University of Oregon, Matthew Knight Arena


University of Oregon

TVA Architects & Ellerbe Becket

Eugene, OR





Matthew Knight Arena provides an intercollegiate competition facility for men’s and women’s basketball,  supports practices, preparations, competitions, and spectator amenities, and provides a venue for hosted music performances in 422,279 sf of building with a seating capacity of 12,500.   A two-story addition to the Practice Facility portion of the building in 2020 provided additional coaches offices and facilities.

Mazzetti | BHEGroup provided civil engineering for the original design and construction of the new basketball arena, training center, practice courts and associated site improvements, including at-grade parking and a below-grade parking structure.   An Alumni Center building was constructed above the parking garage, and Mazzetti | BHEGroup also provided civil engineering for that project, which included a second architectural partner.  Prior to the selection of the site, Mazzetti | BHEGroup was retained by UO to perform a due diligence study of several properties identified by the University to determine development criteria, availability of utilities, soil characteristics, groundwater, and other issues, including fatal flaws.

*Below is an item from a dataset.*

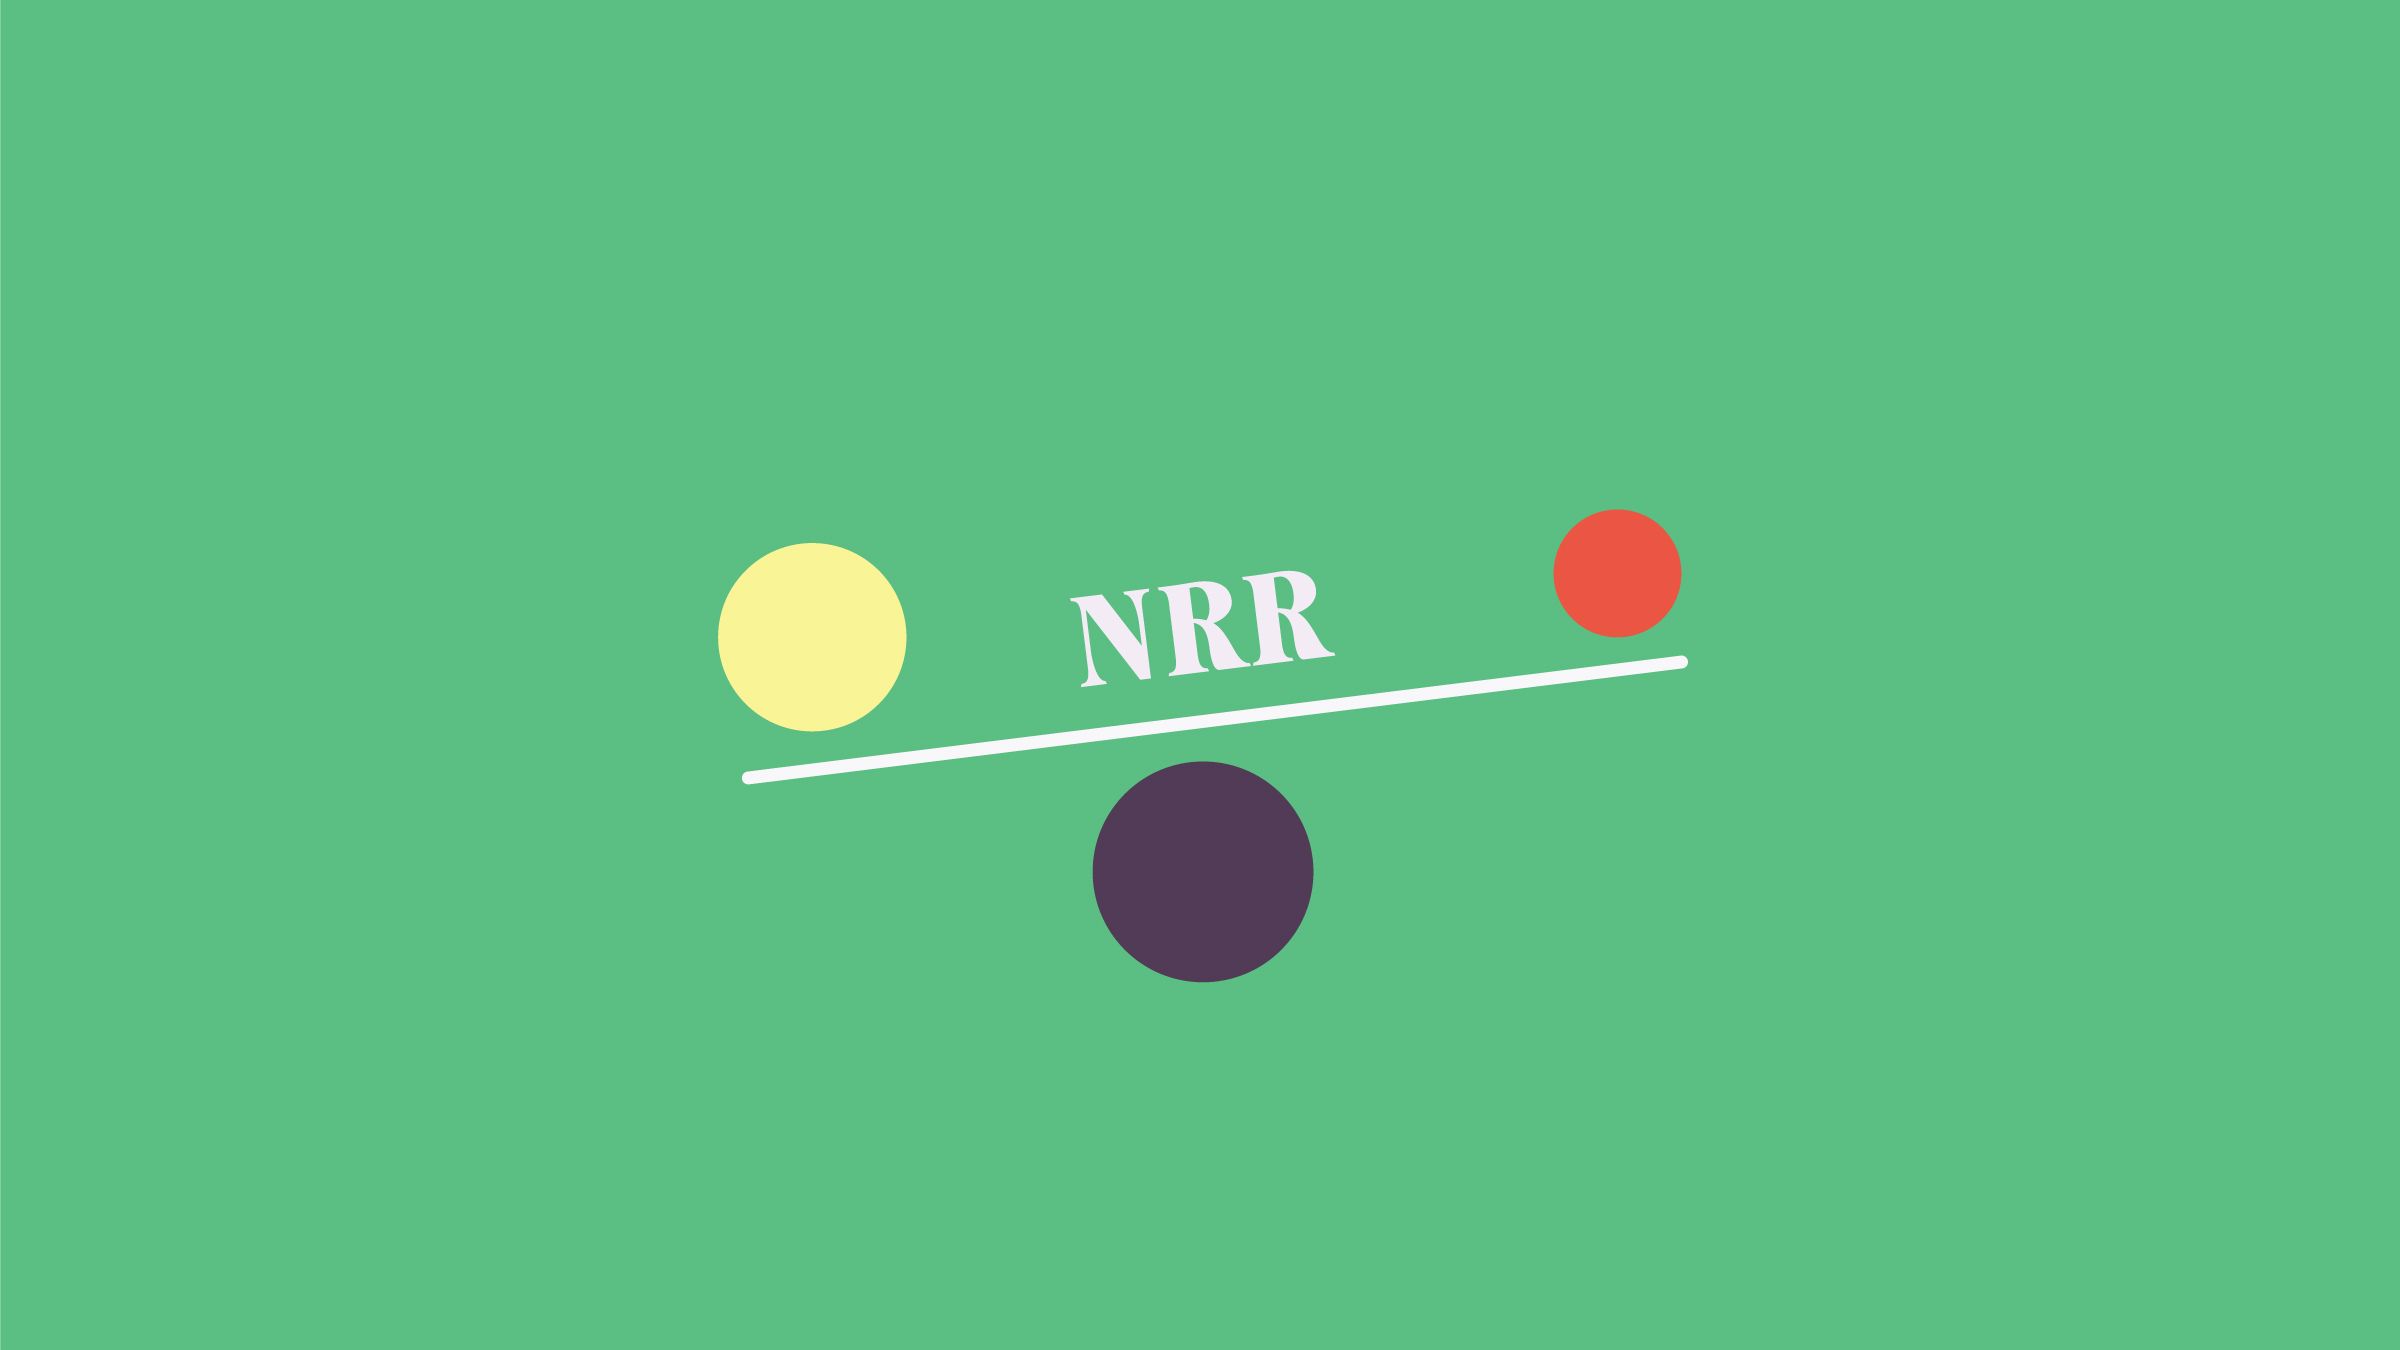 Yellow and red circles balancing on a line supported by a black circle, with the word "NRR" in the middle of the line

Site design, site grading, and stormwater management were a collaborative effort between architect, landscape architect and Mazzetti | BHEGroup to development a seamless exterior space linking the Arena and Alumni Center and perimeter vehicle and pedestrian access paths as well as integrating vegetated stormwater management into the building structure.

Public infrastructure improvements were also required for the project.  To facilitate the building construction, the first phase of construction required existing public sanitary sewer and storm drain systems traversing the site be relocated within the adjacent public right-of-way.   As a condition of development resulting from traffic impacts generated by the facility, public street improvements in the surrounding neighborhood consisting of curb bulb-outs and new pedestrian crossings were required to enhance pedestrian safety.